Contraindicated in hyperthyroidism. The possible harmful effects of long-term use of Pindolol have not been fully evaluated in patients with thyrotoxicosis. Beta-blockers may mask clinical signs of persistent hyperthyroidism or complications and give a false impression of improvement. Therefore, sudden discontinuation of Pindolol may worsen the symptoms of hyperthyroidism, including thyroid storm. Pindolol has intrinsic sympathomimetic activity and should be used with caution in angina.

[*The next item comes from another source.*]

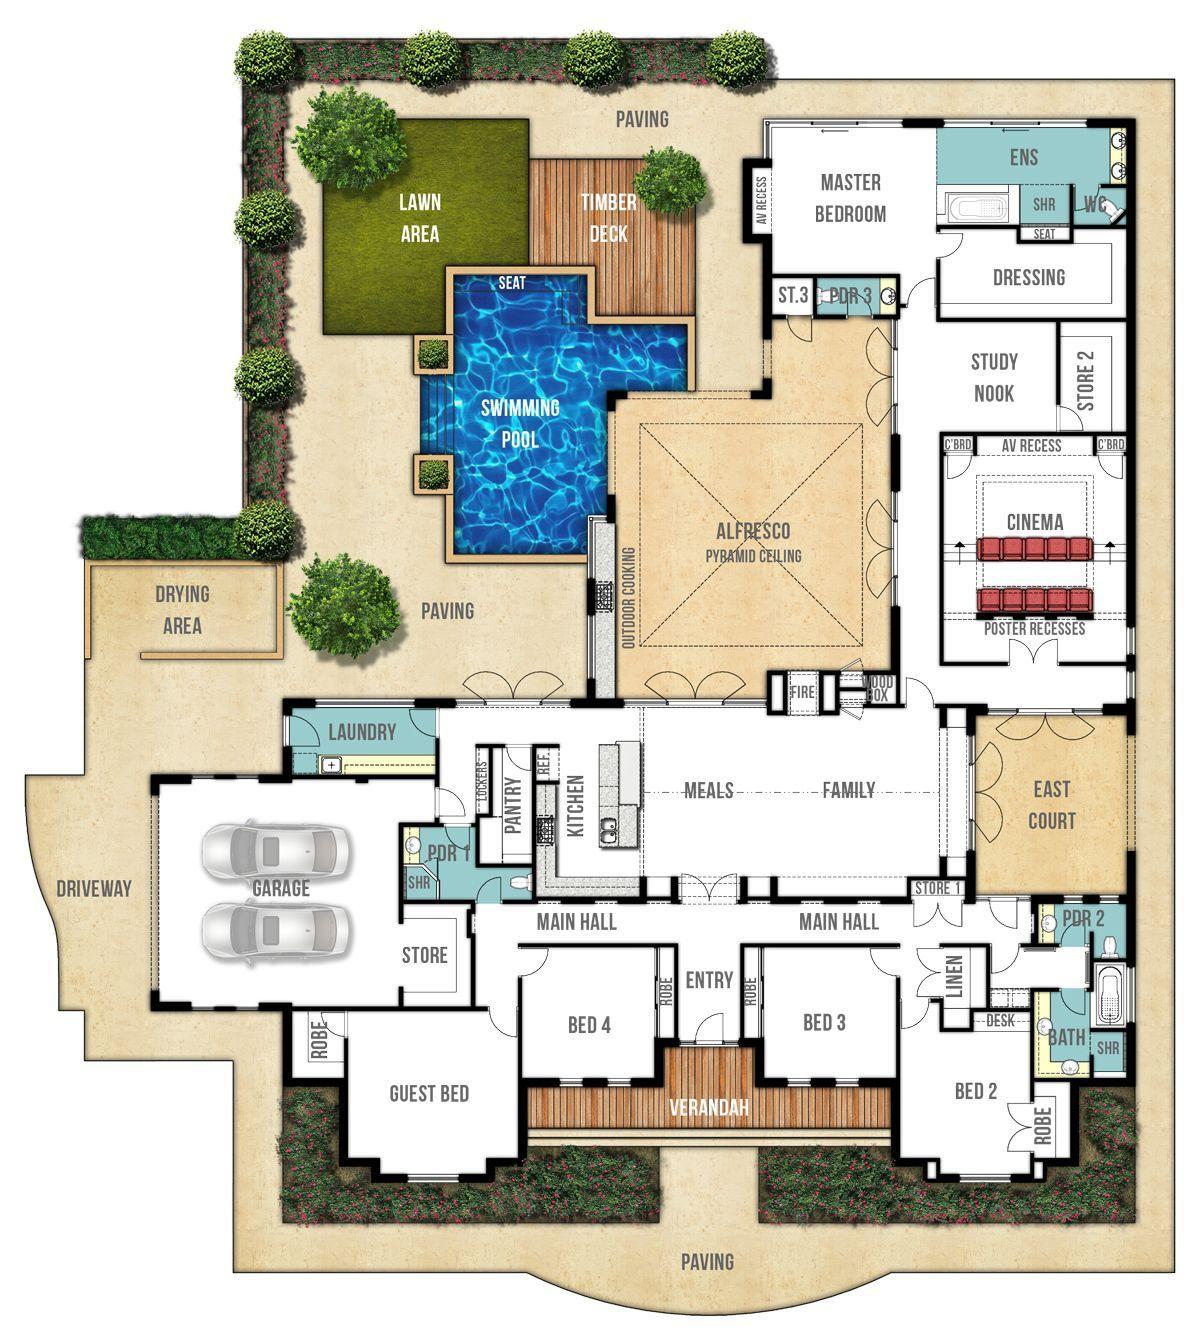 10 Best Modern Farmhouse Floor Plans That Won People Choice Award Farmhouse Floorplans Tags F Farmhouse Floor Plans Country House Design Dream House Plans

Pindolol is a first-generation non-selective beta-blocker in the beta-adrenergic receptor antagonist class. At the receptor level, it is a competitive partial agonist. It has intrinsic sympathomimetic activity, meaning that it has some degree of agonist action in the absence of competing ligands. Pindolol shows membrane stabilizing effects like quinidine, which may be responsible for its antiarrhythmic effects. It also acts as a partial agonist (intrinsic activity = 20–25%) or functional antagonist of the serotonin 5-HT 1A receptor
Pindolol is rapidly and well absorbed in the gastrointestinal tract. It undergoes some first-pass metabolism, resulting in an oral bioavailability of 50-95%. Bioavailability may be reduced in uremic patients. Food does not alter bioavailability but may increase absorption. Peak plasma concentrations are reached within 1-2 hours after a single oral dose of 20 mg. The effect of Pindolol on pulse rate (reduction) is evident after 3 hours. Although the half-life of 3-4 hours is rather short, the hemodynamic effects persist for 24 hours after administration. The plasma half-life increases to 3-11.5 hours in patients with renal insufficiency, to 7-15 hours in elderly patients, and from 2.5 hours to 30 hours in patients with cirrhosis. Approximately two-thirds of pindolol is metabolized in the liver to produce hydroxylates, which are present in the urine as glucouridine and ether sulfate. The remaining 1/3 of pindolol is excreted unchanged in the urine.
Pindolol was patented by Sandoz in 1969 and launched in the United States in 1977. In February 2020, the FDA added the product to its "drug shortage" list, noting that it was due to a "shortage of active ingredients" that was potentially related to the coronavirus outbreak and related supply chain impacts.